**Work required**
Omitting the pictures, print every line below exactly as it stands.

**Data extract**
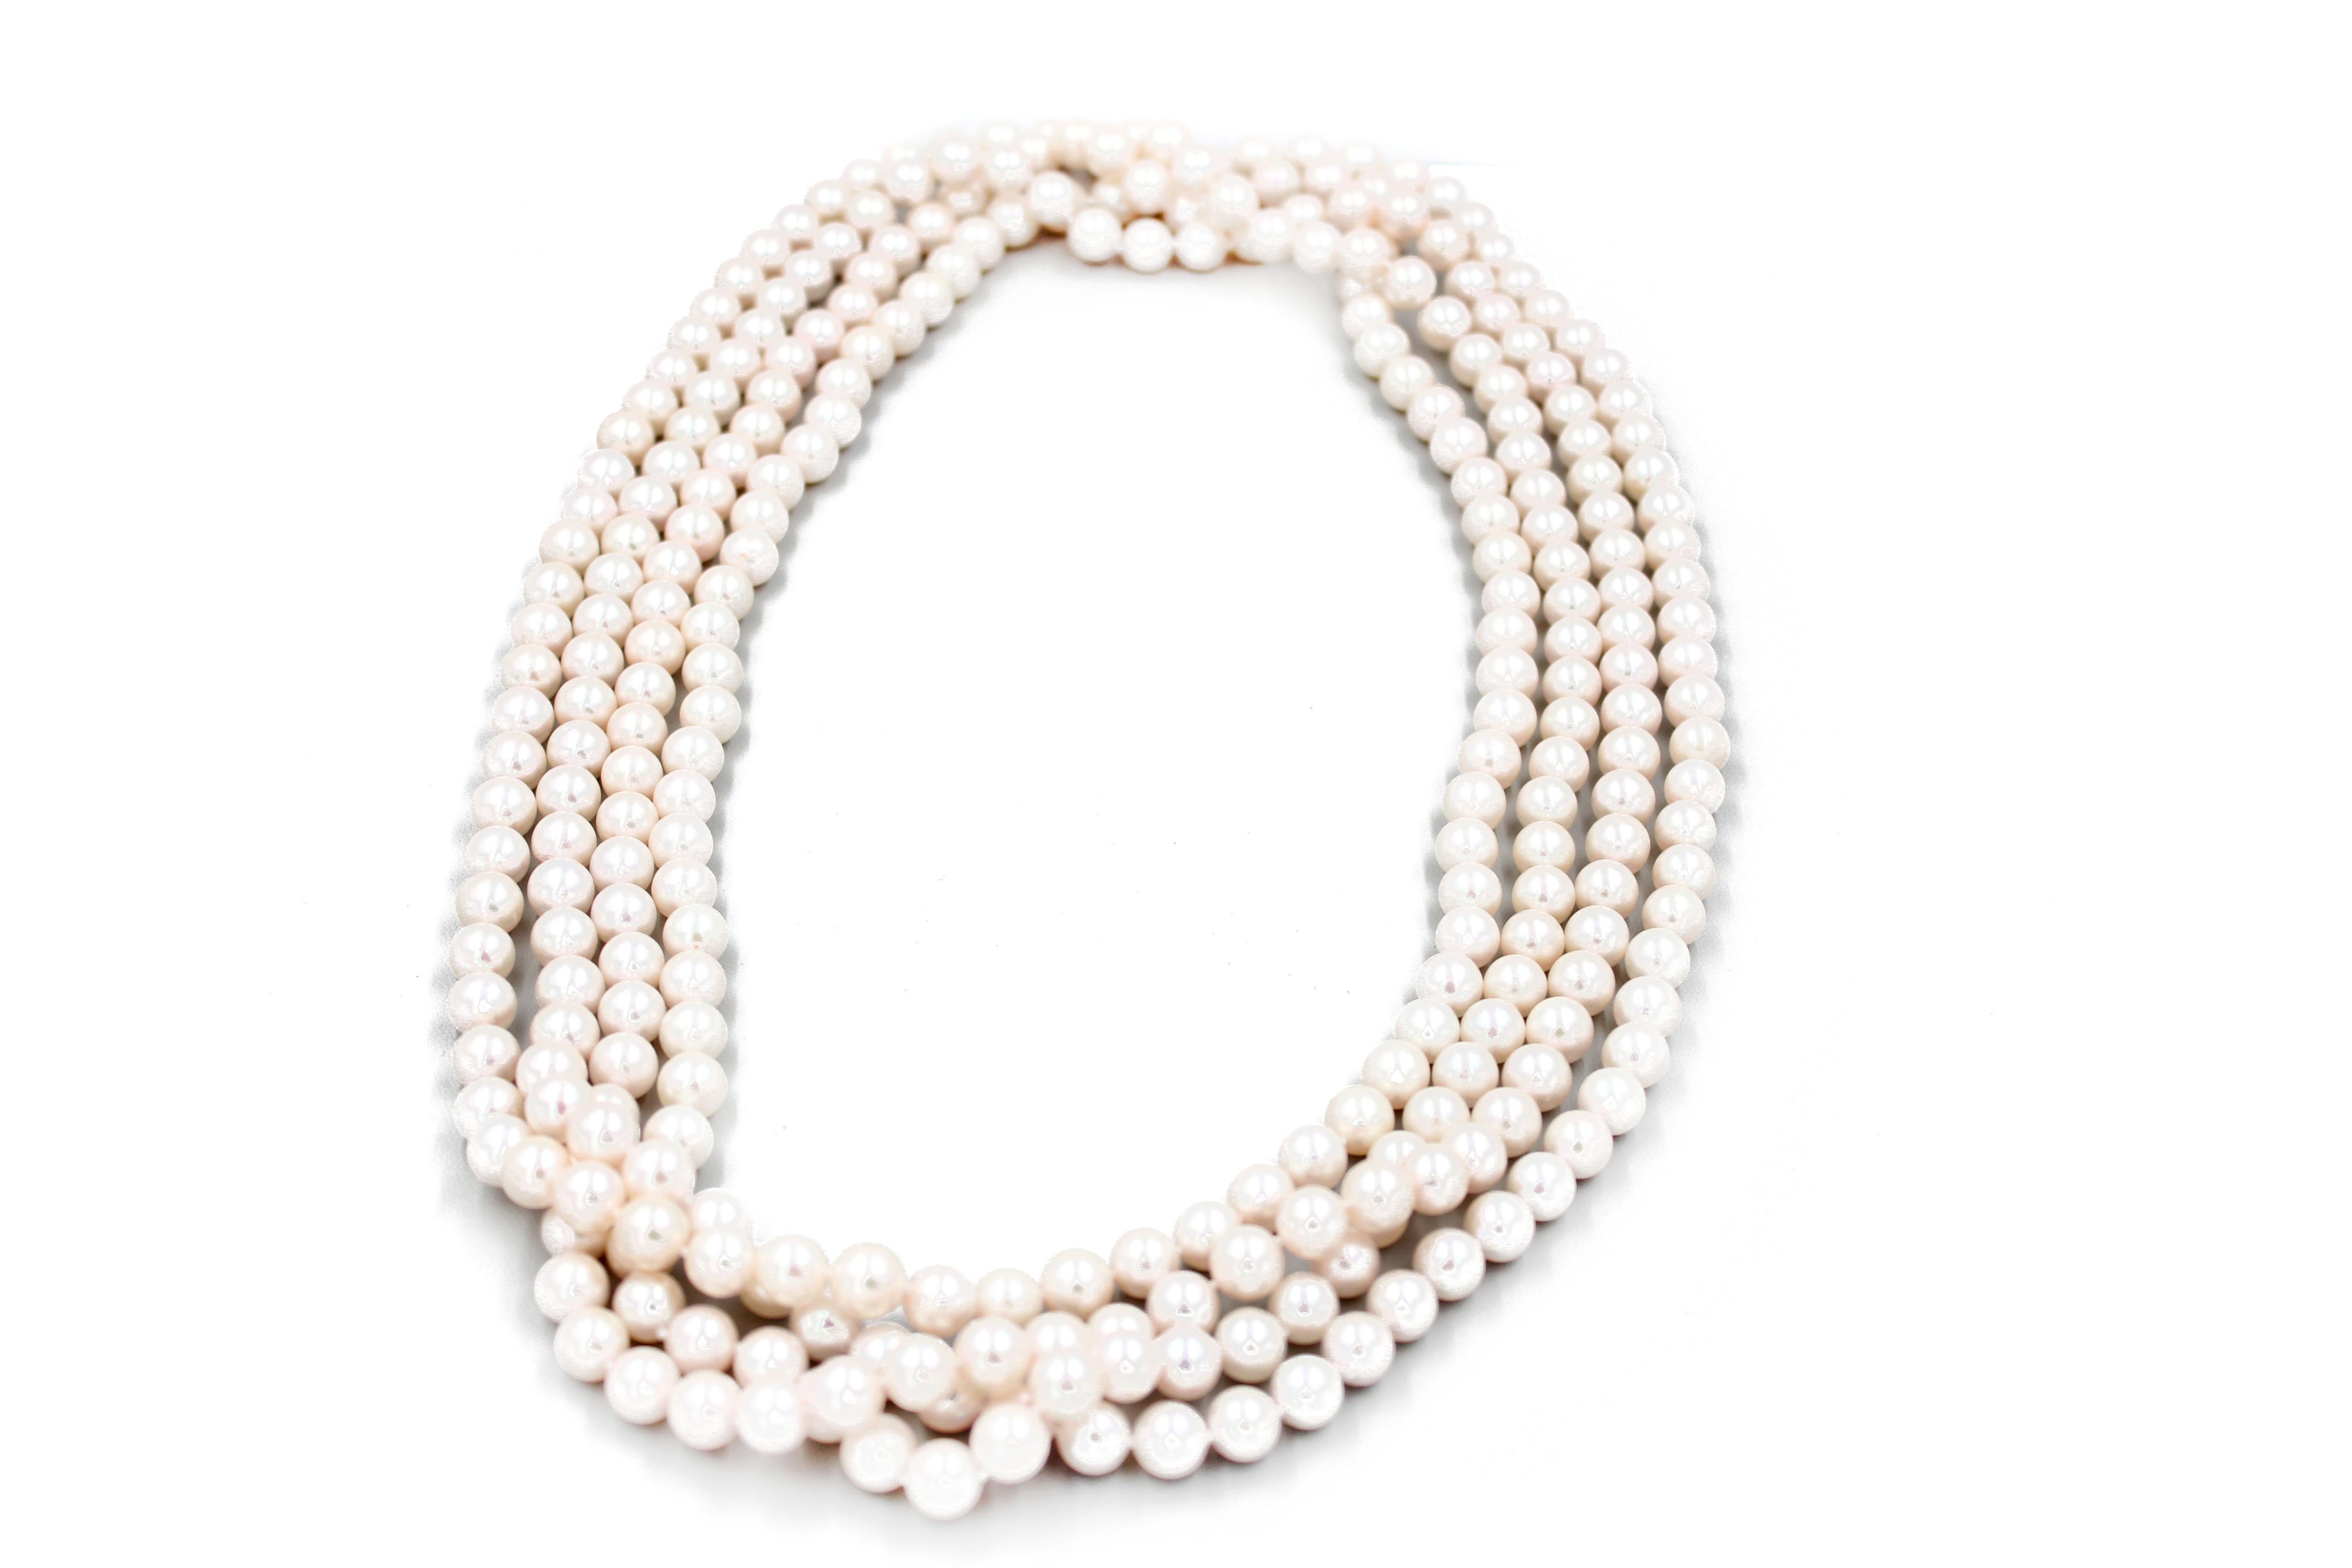 Japanese Akoya White Pearls
9-10 MM Pearl Size
48 Inches Long

**Answer box**
 Japanese Akoya White Pearls
9-10 MM Pearl Size
48 Inches Long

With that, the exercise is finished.